Only time that happened to me was when I was routing too deep. I think I was on the second pass to a final depth of 1/2". So, it was cutting somewhere around a 1/4" in red oak. Probably shoulda done it in 3 passes.
It was a Freud bit.


----------



## Marine04 (Sep 4, 2013)

lilman said:


> Well I'm assuming you're safe, that could have done some damage. I believe I have the same bit and its still I'm healthy condition. Must have been a dud from the start.


I use my 3/4 straight the most and I've never had a problem with it. I have that set ryobi used to make with 25 or 30 bits in a little wooden case with the glass doors. Bought it for 50 bucks when I got my first router. I did pick up a new 1/4 straight bit at woodcraft. I was going to get a whiteside but they didn't have any with a 1/2 shank so ended up buying the wood river brand cause the sales guy said he has a bunch of those and has never had to get rid of one yet. It cost about 6 bucks less than what a whiteside would have cost and I could see a huge difference in the blade when I used it. The ryobi blade always felt like it was working and this one cut fast and like warm butter. Very happy with it. I'll probably change out my straight bits with the wood river 1/2 shanks and for everything else buy whiteside.


----------



## Paarker (Mar 20, 2013)

I've broke a couple of grizzly bits in the same size also. What I learned is to take lots of light passes and the harder the wood the lighter the pass.


----------



## Marine04 (Sep 4, 2013)

Paarker said:


> I've broke a couple of grizzly bits in the same size also. What I learned is to take lots of light passes and the harder the wood the lighter the pass.


That's typically what I do. I had router a few pieces of red oak at 1/4" deep then was routing some poplar at the same depth when it broke


----------



## jschaben (Apr 1, 2010)

Marine04 said:


> Had a router bit break for the first time. It was a 1/4 straight and broke the first time I've used it. Definitely going to start replacing these ryobi bits a lot sooner now. Anyone have opinions on what I should replace it with. I'm thinking Freud but also whiteside. What's y'all's opinion


Just how deep a cut were you making?
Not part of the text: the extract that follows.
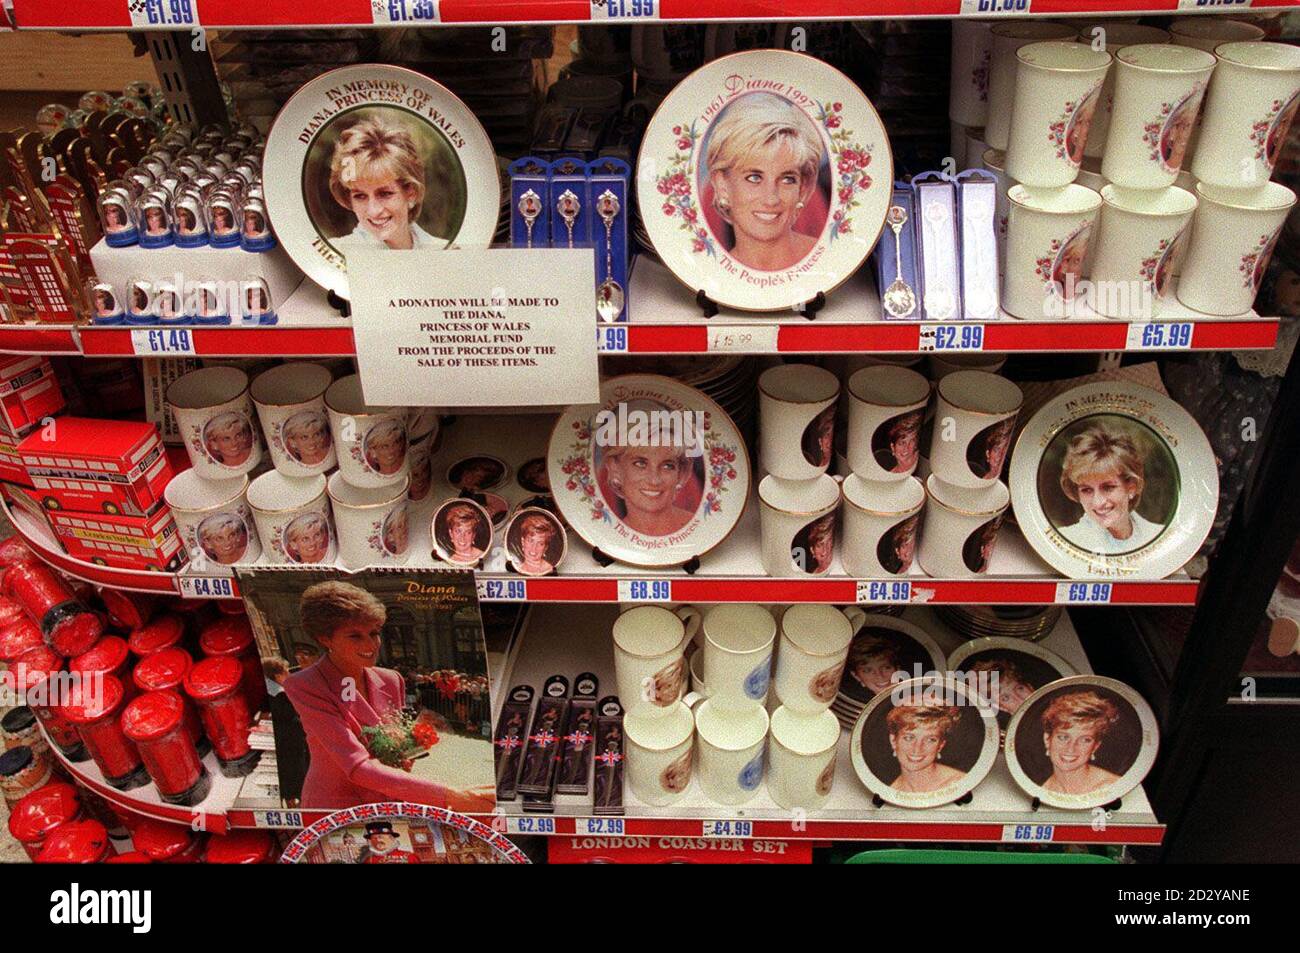 PA NEWS PHOTO 5/12/97  MEMORABILIA AND SOUVENIRS DEPICTING THE IMAGE OF PRINCESS DIANA ON SALE IN SHOPS IN LONDON Stock Photo

I've broken several and when reflecting on it, almost invariably came to the conclusion the problem was either to deep of a cut, to fast of a feed rate, a dull bit or a combination of all three.
A good, conservative rule of thumb is the max depth of cut of any pass should be no more than 1/2 the diameter of the bit shank. The harder the material you would want to either adjust for less depth or a slower feed rate. 
Whiteside or Freud would be good choices because the 1/4" bit is a fairly high usage item but I also have several Wood River bit and have never had any issues. I consider the MLCS slightly better quality though.:smile:


----------



## Marine04 (Sep 4, 2013)

jschaben said:


> Just how deep a cut were you making? I've broken several and when reflecting on it, almost invariably came to the conclusion the problem was either to deep of a cut, to fast of a feed rate, a dull bit or a combination of all three. A good, conservative rule of thumb is the max depth of cut of any pass should be no more than 1/2 the diameter of the bit shank. The harder the material you would want to either adjust for less depth or a slower feed rate. Whiteside or Freud would be good choices because the 1/4" bit is a fairly high usage item but I also have several Wood River bit and have never had any issues. I consider the MLCS slightly better quality though.:smile:


I was routing a little less than 1/4 in depth. Was making some picture frames and just cutting the notch that the glass sits into


----------



## jschaben (Apr 1, 2010)

Marine04 said:


> I was routing a little less than 1/4 in depth. Was making some picture frames and just cutting the notch that the glass sits into


That does sound like a defective bit. Depth of cut doesn't sound excessive and, while Ryobi isn't exactly a high end bit it should have been sharp enough for that. A tip though - for doing the picture frame rabbets I usually go for at least a 3/4" diameter bit and set the width of the rabbet with the fence. That has worked the best for me in terms of cut quality. Bit doesn't have to work as hard either.:smile:


----------



## Marine04 (Sep 4, 2013)

jschaben said:


> That does sound like a defective bit. Depth of cut doesn't sound excessive and, while Ryobi isn't exactly a high end bit it should have been sharp enough for that. A tip though - for doing the picture frame rabbets I usually go for at least a 3/4" diameter bit and set the width of the rabbet with the fence. That has worked the best for me in terms of cut quality. Bit doesn't have to work as hard either.:smile:


Very good suggestion. I'll start doing that once I upgrade my 3/4 bit. I did get to see the inside of my broken bit and it does look cheap. Looks like most of it is a cheap material and just coated with steel. The wood river bit I bought works much better. Easier to cut and feels like it's made of better quality


----------



## Masterjer (Nov 6, 2012)

I've been replacing the few Ryobi bits I have and then tossing them in the garbage. I've really liked Freud, white sides, and MLCS, never had a problem with any of them. I am also only buying 1/2" shank bits for greater strength and less deflection.


----------



## Marine04 (Sep 4, 2013)

Masterjer said:


> I've been replacing the few Ryobi bits I have and then tossing them in the garbage. I've really liked Freud, white sides, and MLCS, never had a problem with any of them. I am also only buying 1/2" shank bits for greater strength and less deflection.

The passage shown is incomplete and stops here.